Tom Kelly fixed the dentures in place. With cotton wool he moulded the mouth and face into shape slowly and with meticulous care.

“It looks perfect,” Ruttledge said, but as he spoke a final press caused the dentures to fall loose. This occurred a number of times: all would look in place and then come undone through striving for too much perfection.

“I can hear people getting restless.”

“Mark you well my words,” Tom Kelly answered. “Everything we have done will be remarked upon. Everything we have done will be well gone over.”

The whole slow process began again. There was no doubting the growing impatience and restlessness beyond the door for the wake to begin.

“If you don’t get it done this time I’m taking over,” Ruttledge said.

Possibly because of this extra pressure the face became undone more quickly.

“Don’t you worry,” Tom Kelly said angrily as he gave up his place. “We will all have our critics. We will have our critics.”

By using more cotton wool and striving for less, Ruttledge got the dentures in place and the mouth to hold shape.

“I had it far better than that several times.”

“I know.”

“The cheeks bulge.”

“They’ll have to do. Can’t you hear?”

“You may not know it but mark my words our work will be well gone over. We will have our critics. We could be the talk of the country yet,” Tom Kelly said.

“I’ll take the blame. You’ll be in Dublin.”

“Whether we like it or not we could be scourged,” Tom Kelly said so anxiously that Ruttledge pressed his shoulder in reassurance.

“You did great. We did our best. We couldn’t keep at it for ever.”

“Maybe it isn’t too bad, then. We could still pass muster,” he replied doubtfully.

The clothes and waste were stuffed in a plastic bag and hid in the wardrobe with the flat cardboard box. The door was unlocked, the basin of water removed. Jamesie and Mary came down to the room. They stood in silence for a long time looking at the face.

“He’s beautiful,” Mary said and reached across to touch the pale forehead.

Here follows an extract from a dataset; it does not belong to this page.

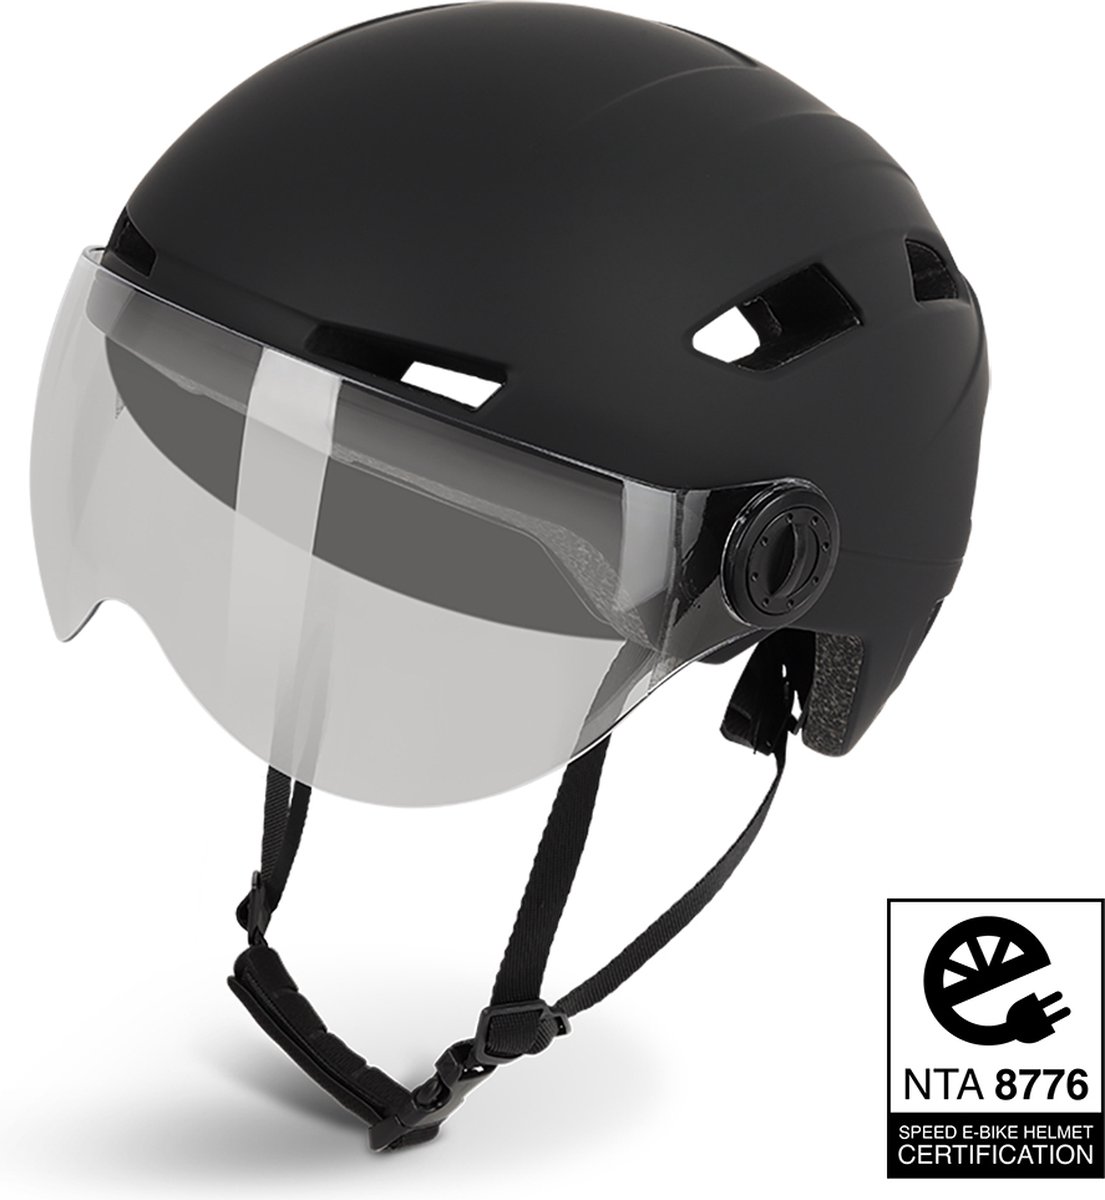 Lightyourbike ® ROADSTER - Speed Pedelec Helm met vizier & verlichting - NTA 8776 - Helm Snorscooter - Helm Speed Pedelec - Zwart - Maat M

“He’s perfect. Patrick couldn’t have done it a whit better,” Jamesie said emotionally.

“I had no idea he was such a fine figure of a man,” Ruttledge said.

“Stronger than me, stronger than my father, far stronger than me the best day ever I was,” Jamesie said.

A row of chairs was arranged around the walls of the room. A bedside table was draped with a white cloth and two candles were placed in brass candlesticks and lit. A huge vase of flowers was set in the windowsill.

One by one each person came and took their leave and stood or knelt. Old men and women sat on the chairs along the wall. The Rosary was said, a woman leading the prayers, the swelling responses given back as one voice.

Huge platters of sandwiches were handed around, whiskey, beer, stout, sherry, port, lemonade. Tea was poured from the large aluminium kettle. The murmurs of speech grew louder and more confident. At first all the talk was of the dead man but then it wandered to their own interests and cares. Some who smoked dropped their cigarette ends down the necks of empty beer or stout bottles, where they hissed like trapped wasps. People wandered out into the night and the moonlight. Jokes began and laughter.

“If we couldn’t have a laugh or two we might as well go and lie down ourselves.”

Morning was beginning to thin the moonlight on the street when Patrick Ryan appeared in the doorway without warning, and stood there, a silent dark-suited apparition. The white shirt shone, the black tie neatly knotted; he was clean-shaven, the thick silver hair brushed.